Степка потихонечку ушел на кухню, прикрыв за собой дверь.
— А нет? Не должна, по-твоему?! — осел Михаил. — Почему же? Я не достоин? Или время такое, что не стоит ждать никого?.. А побыстрее брать от нее, от жизни, что дает?.. Но потом почему-то все равно требуем от жизни этого принца! С меня-то ты потом, как от принца, требовала! Так, чтобы иметь право требовать от меня, надо сначала — от себя!
— Тогда чего женился?! А если уж и женился, то нечего было потом попрекать прошлым! Дура была, все тебе рассказала! Другие что только не вытворяют, а все шито-крыто. Был один, не получилось, а ты второй… И все дела. Я же для тебя готова была на все… Под поезд сказали бы броситься ради тебя — не раздумывая бы, бросилась. А ты все чего-то ковырялся. На самом деле просто хотелось тебе по бабам гулять, вот и находил себе оправдания!
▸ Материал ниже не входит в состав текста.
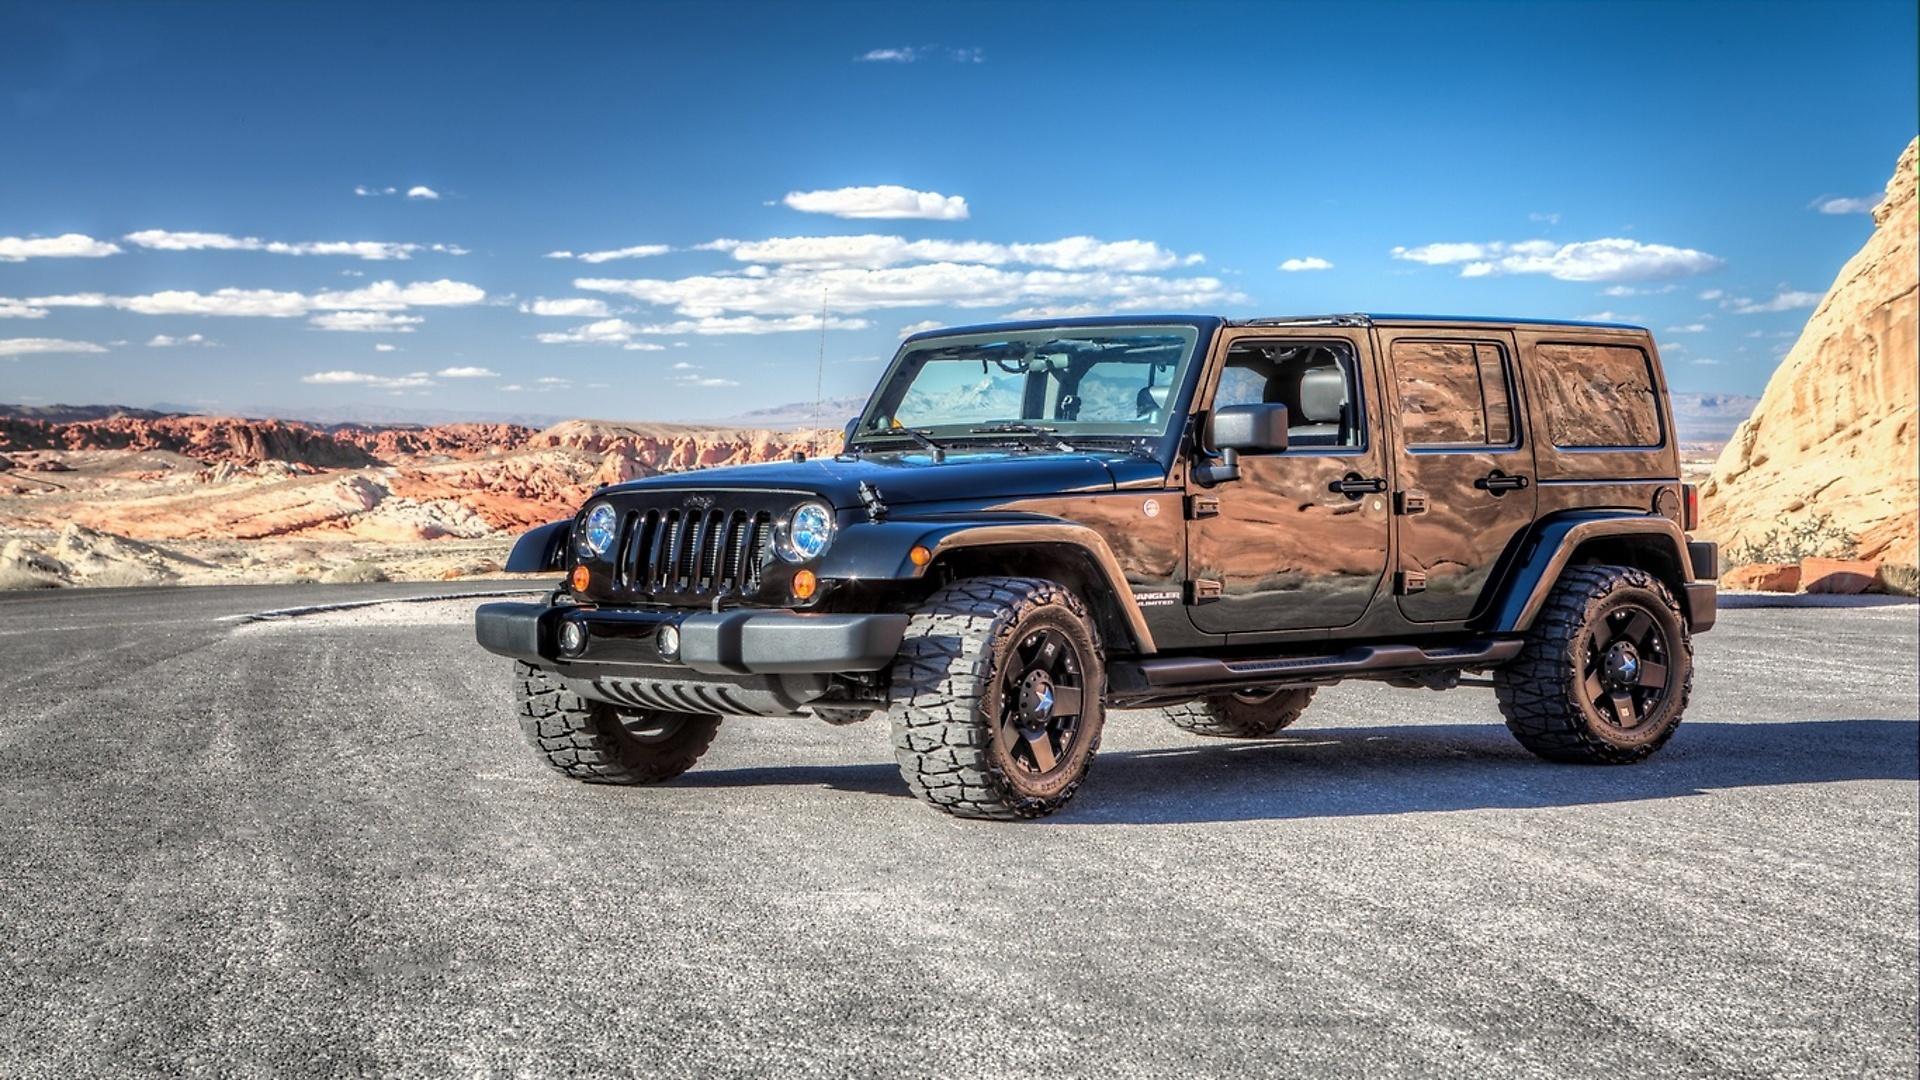 Внедорожник jeep в пустыне онлайн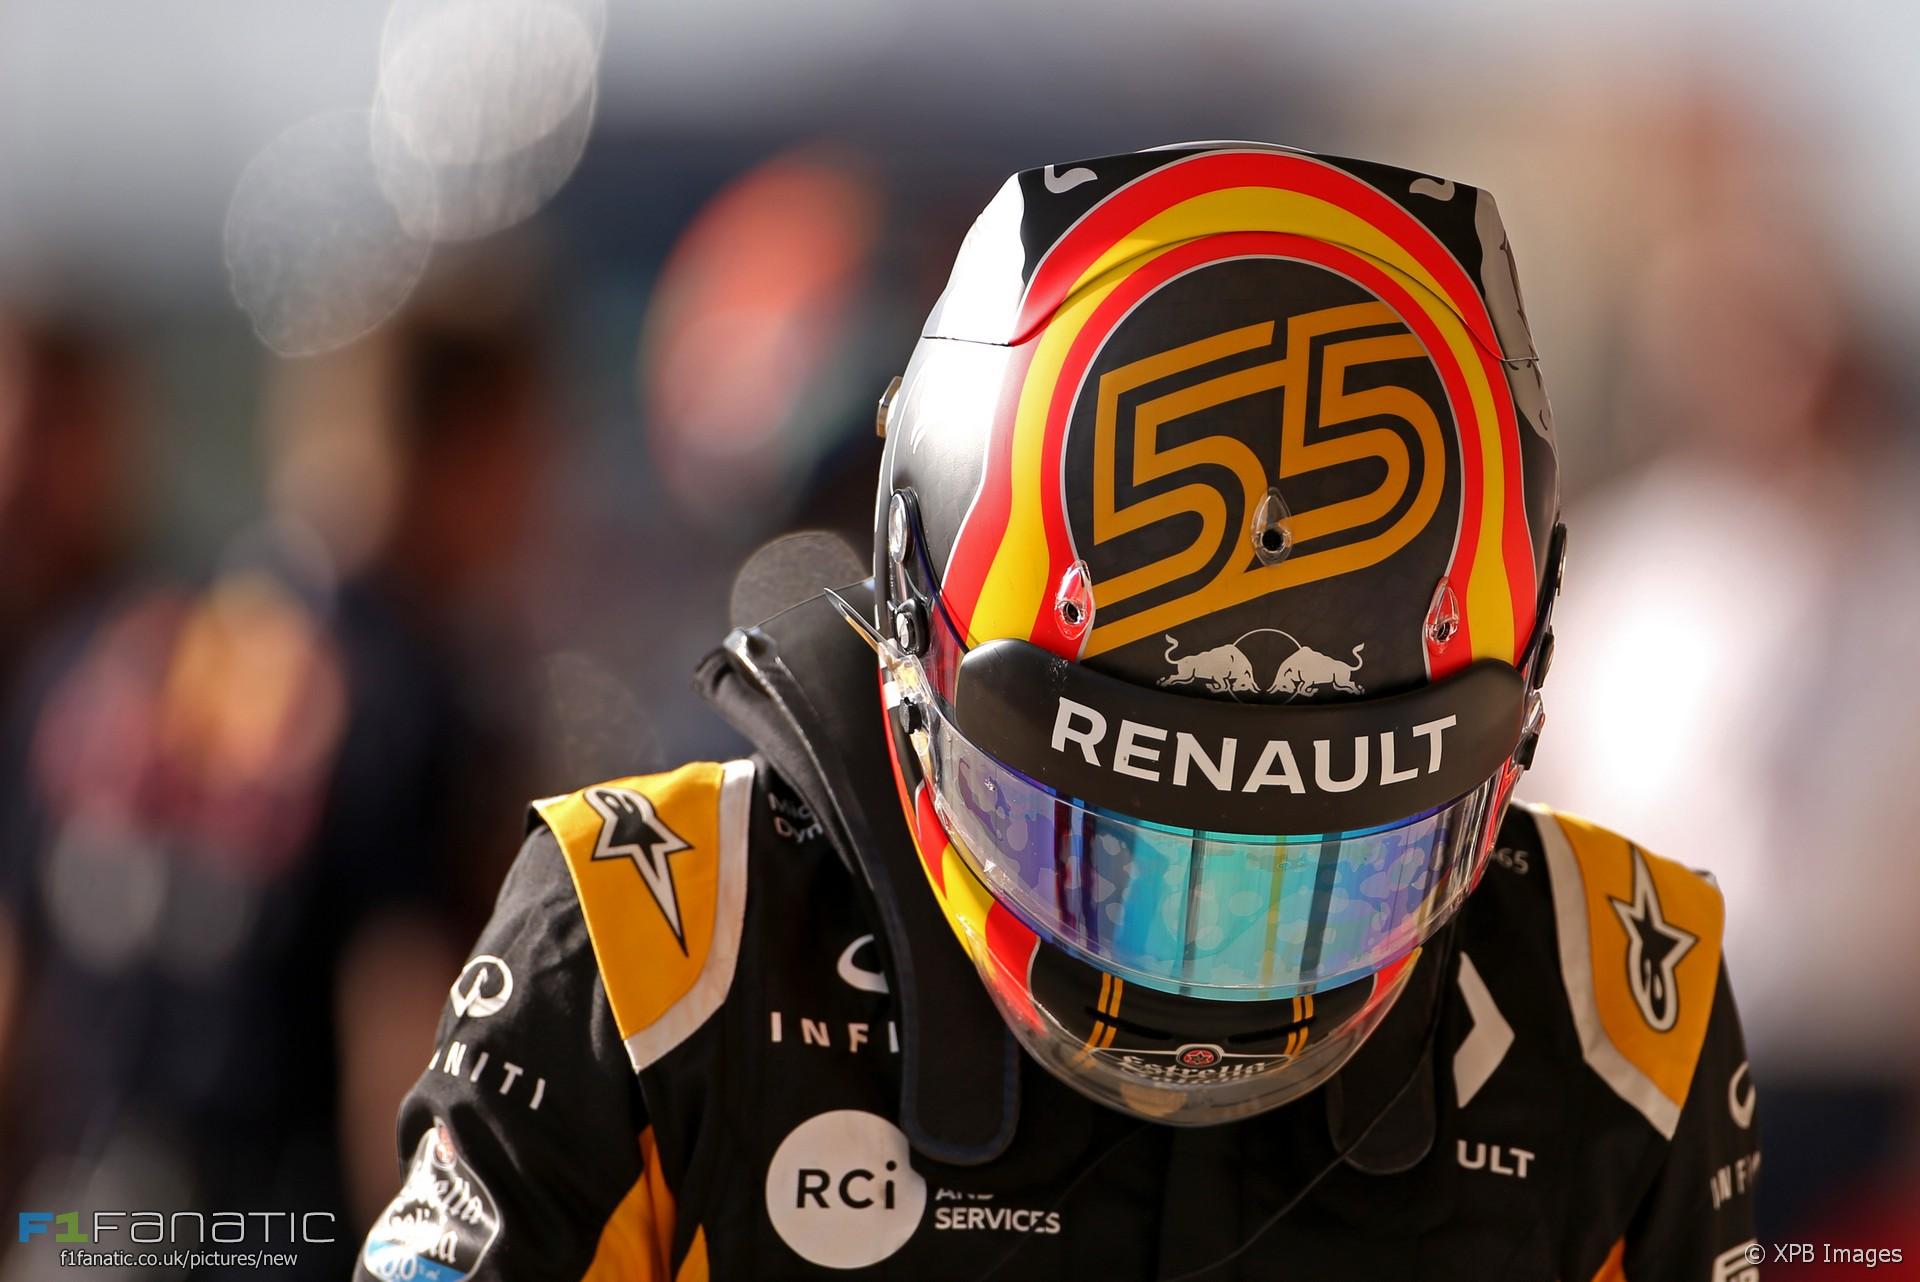 Carlos Sainz Jnr, Renault, Circuit of the Americas, 2017

— С кем я гулял?! А было что, так… Постыдно, противно, от боли. Видел, что тебя все прежняя жизнь-то потягивает… Вдумаешься, обидно! Вот и я от обиды… Понимаешь?! От обиды только. Чтоб в себе эту болячку заглушить, замарать себя тоже, что ли… И неприятно было всегда… Могла бы как-то понять… А ты же… в десять раз меня потом перекрыла.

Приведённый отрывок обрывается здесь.